→ Requirement
All of the data, word for word and free of pictures, is the expected result.

→ Collected material
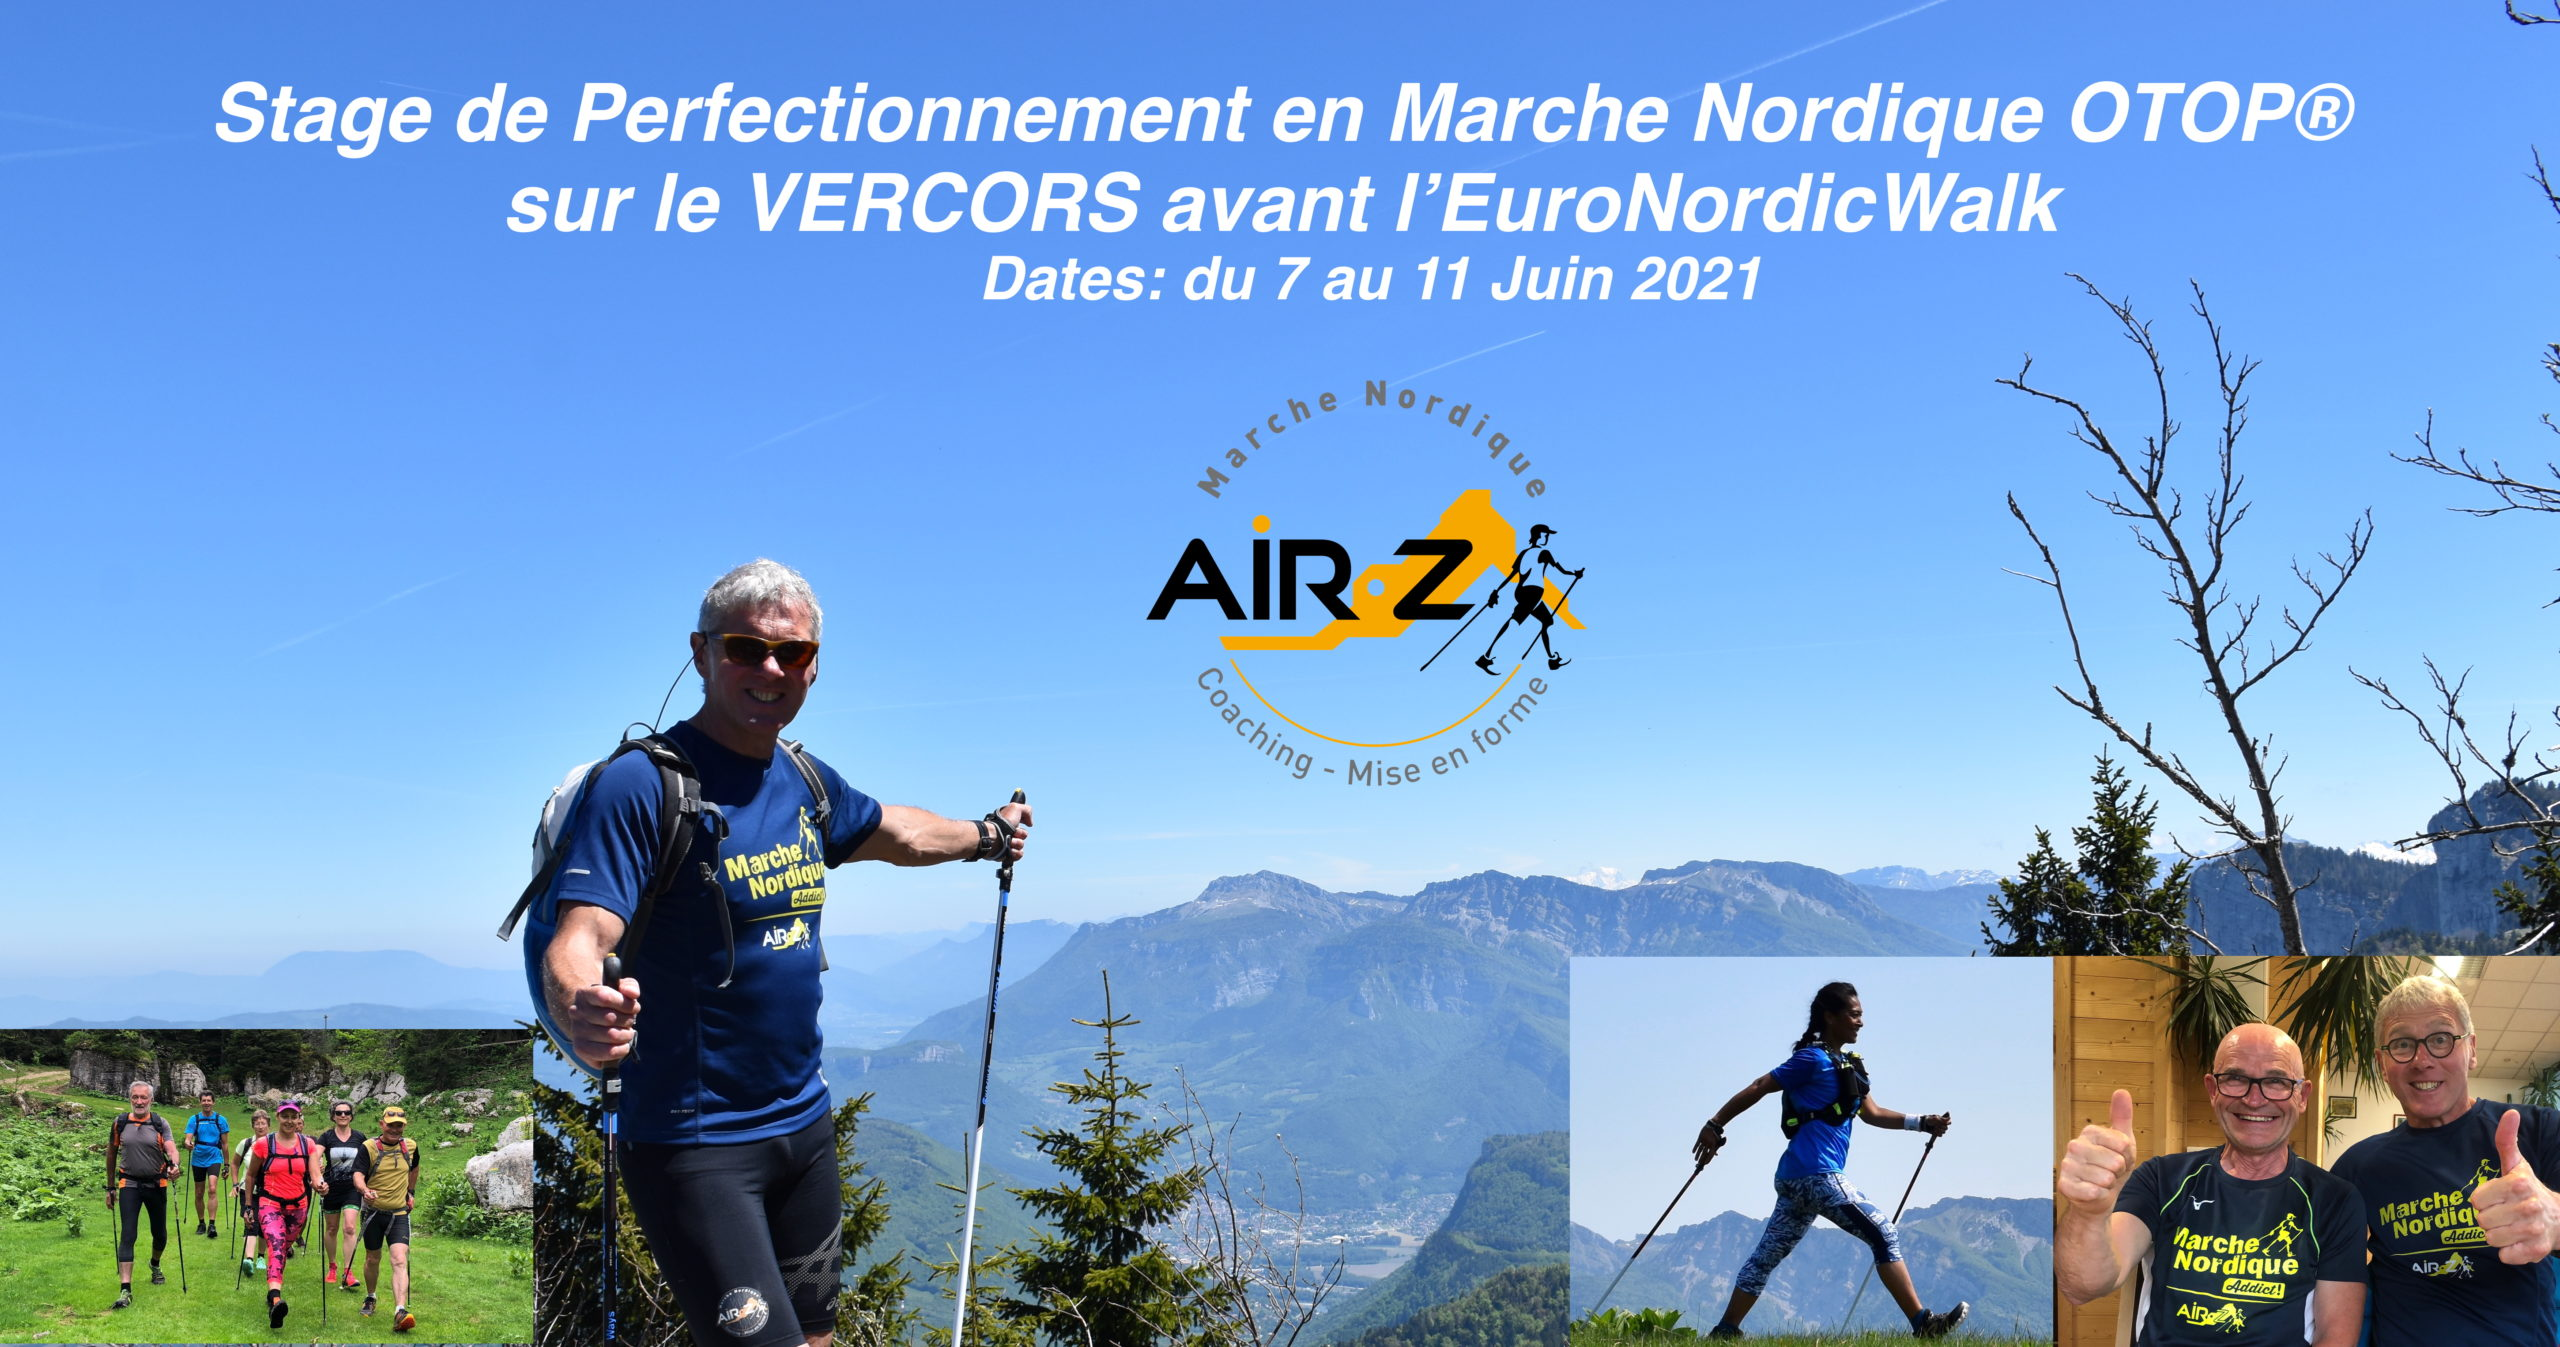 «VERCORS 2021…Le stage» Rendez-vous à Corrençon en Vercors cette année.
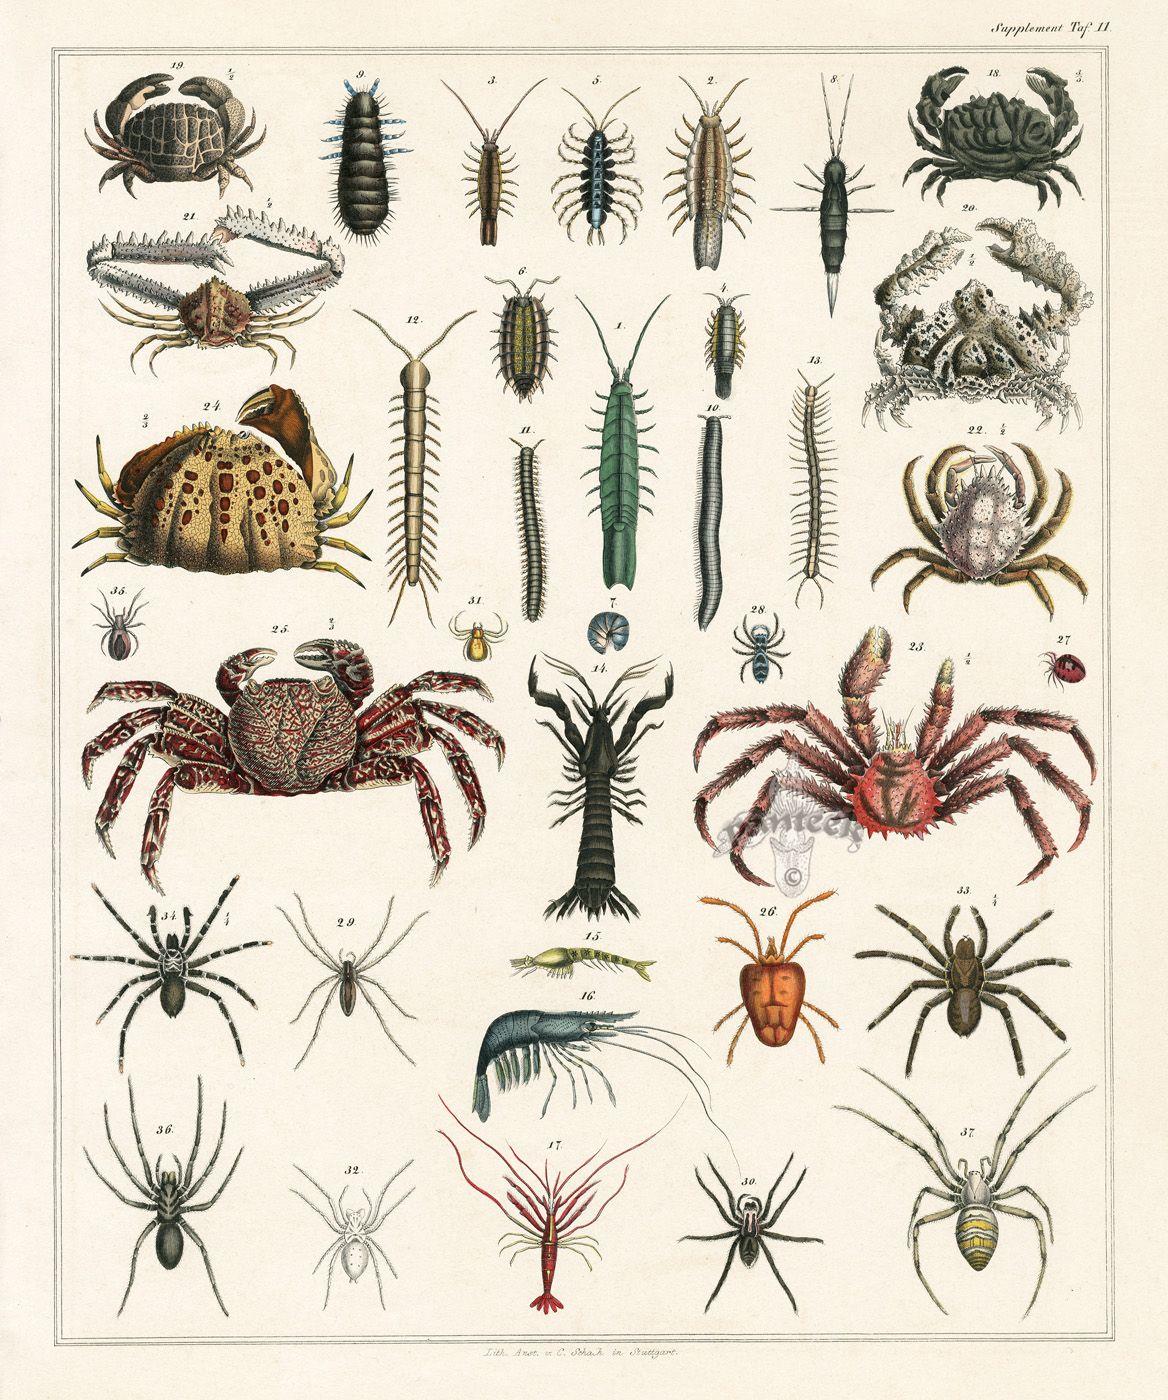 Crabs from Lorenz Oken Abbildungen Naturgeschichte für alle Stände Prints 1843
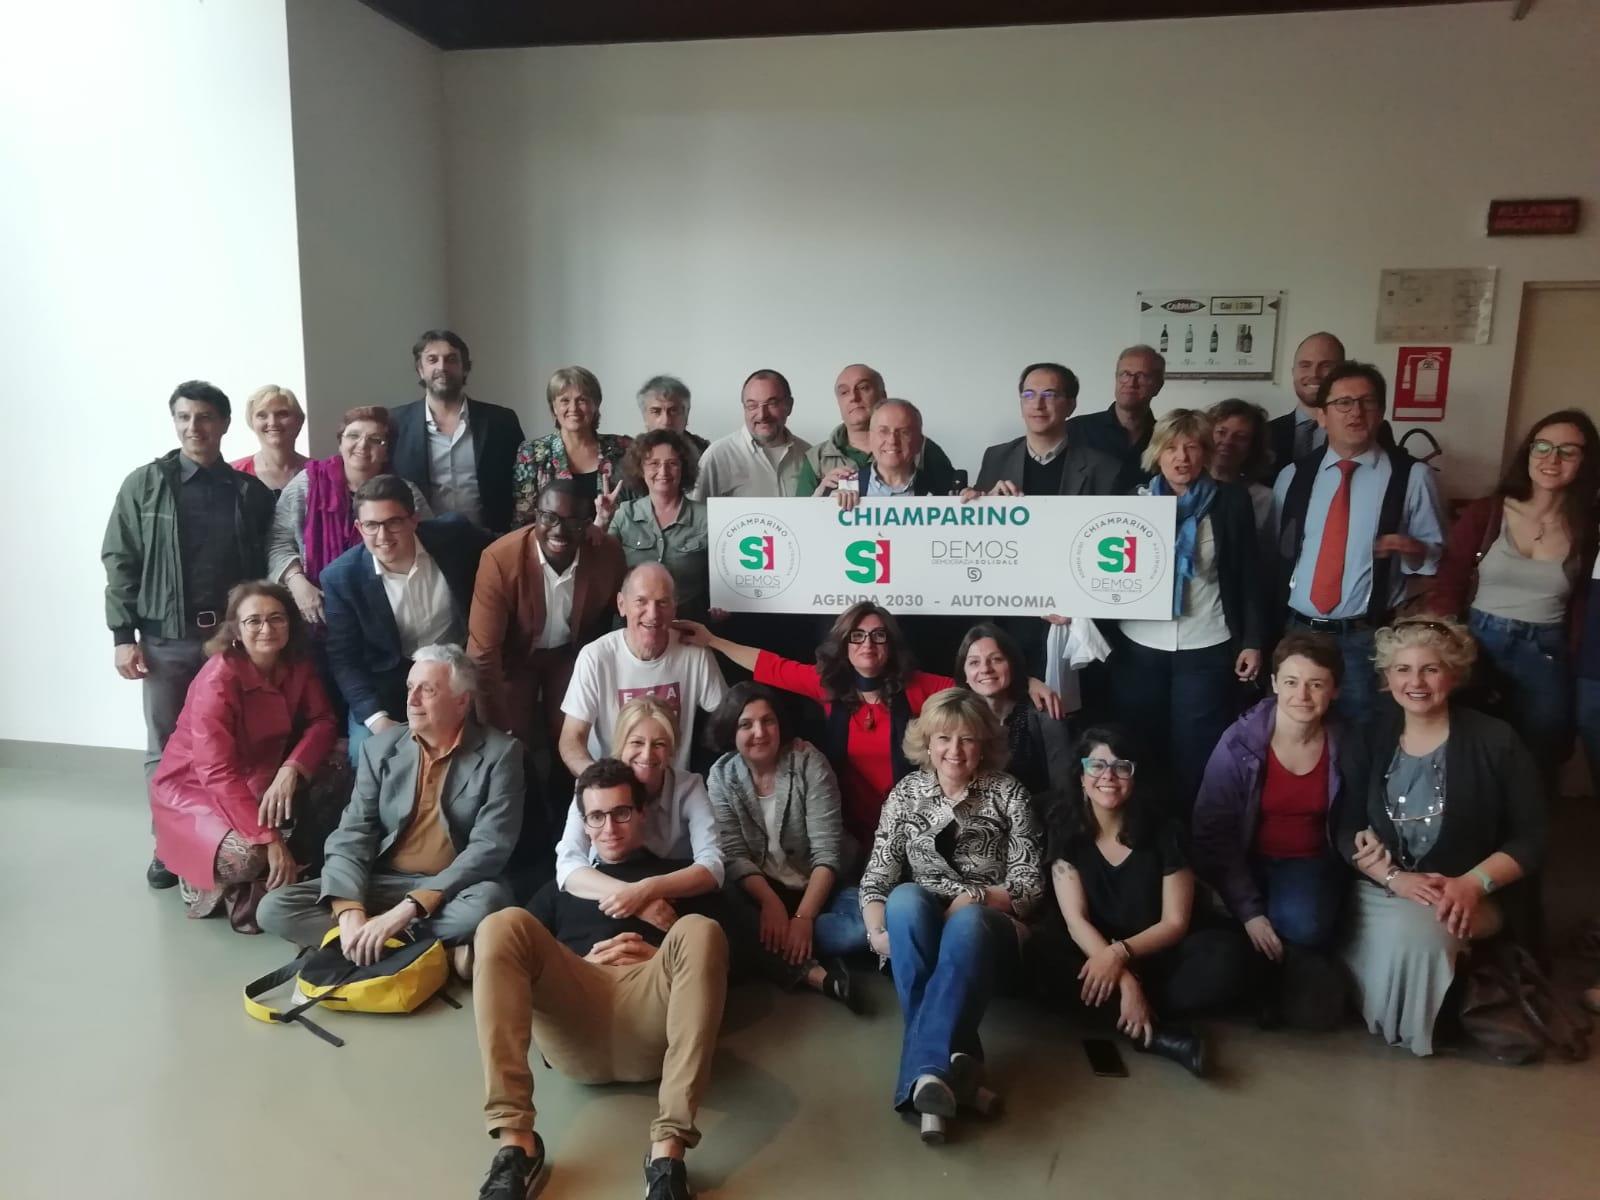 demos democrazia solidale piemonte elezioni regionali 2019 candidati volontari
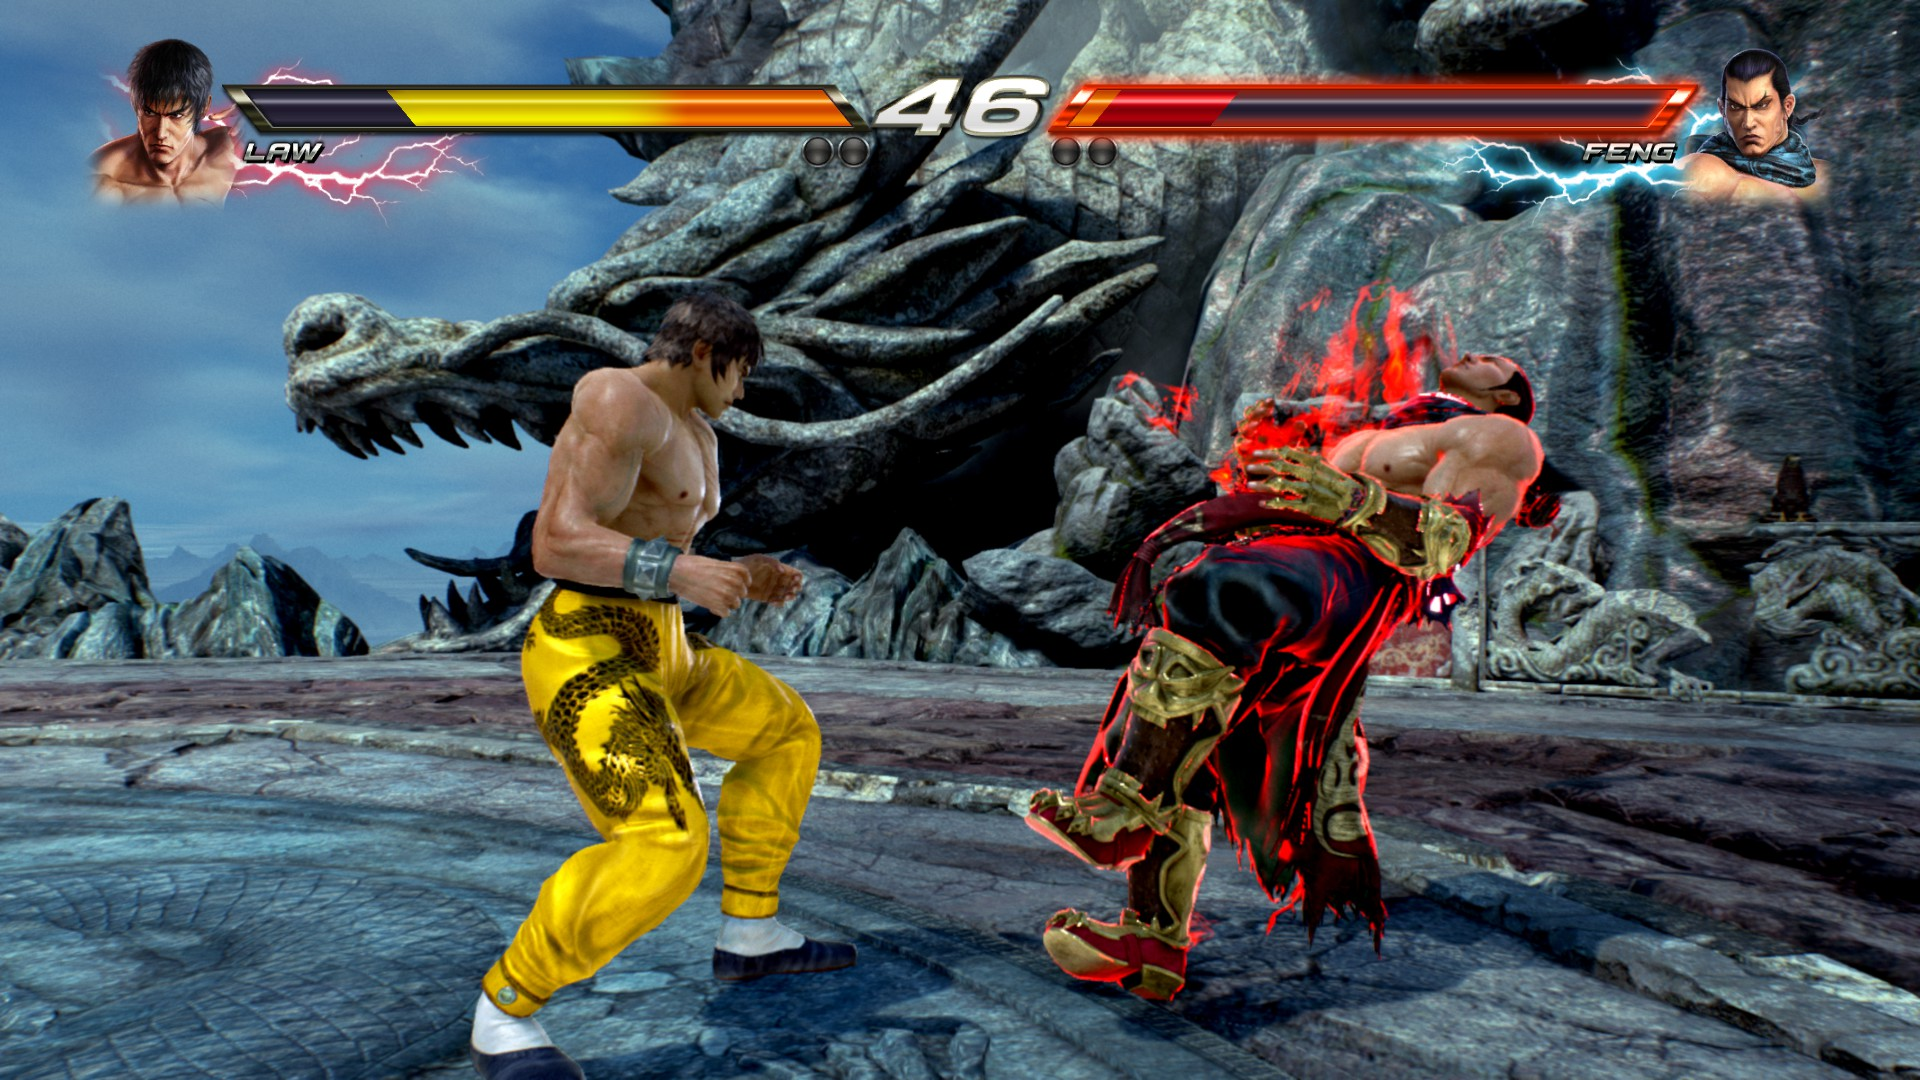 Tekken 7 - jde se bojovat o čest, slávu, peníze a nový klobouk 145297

→ Exercise solution
 «VERCORS 2021…Le stage» Rendez-vous à Corrençon en Vercors cette année.
 Crabs from Lorenz Oken Abbildungen Naturgeschichte für alle Stände Prints 1843
 demos democrazia solidale piemonte elezioni regionali 2019 candidati volontari
 Tekken 7 - jde se bojovat o čest, slávu, peníze a nový klobouk 145297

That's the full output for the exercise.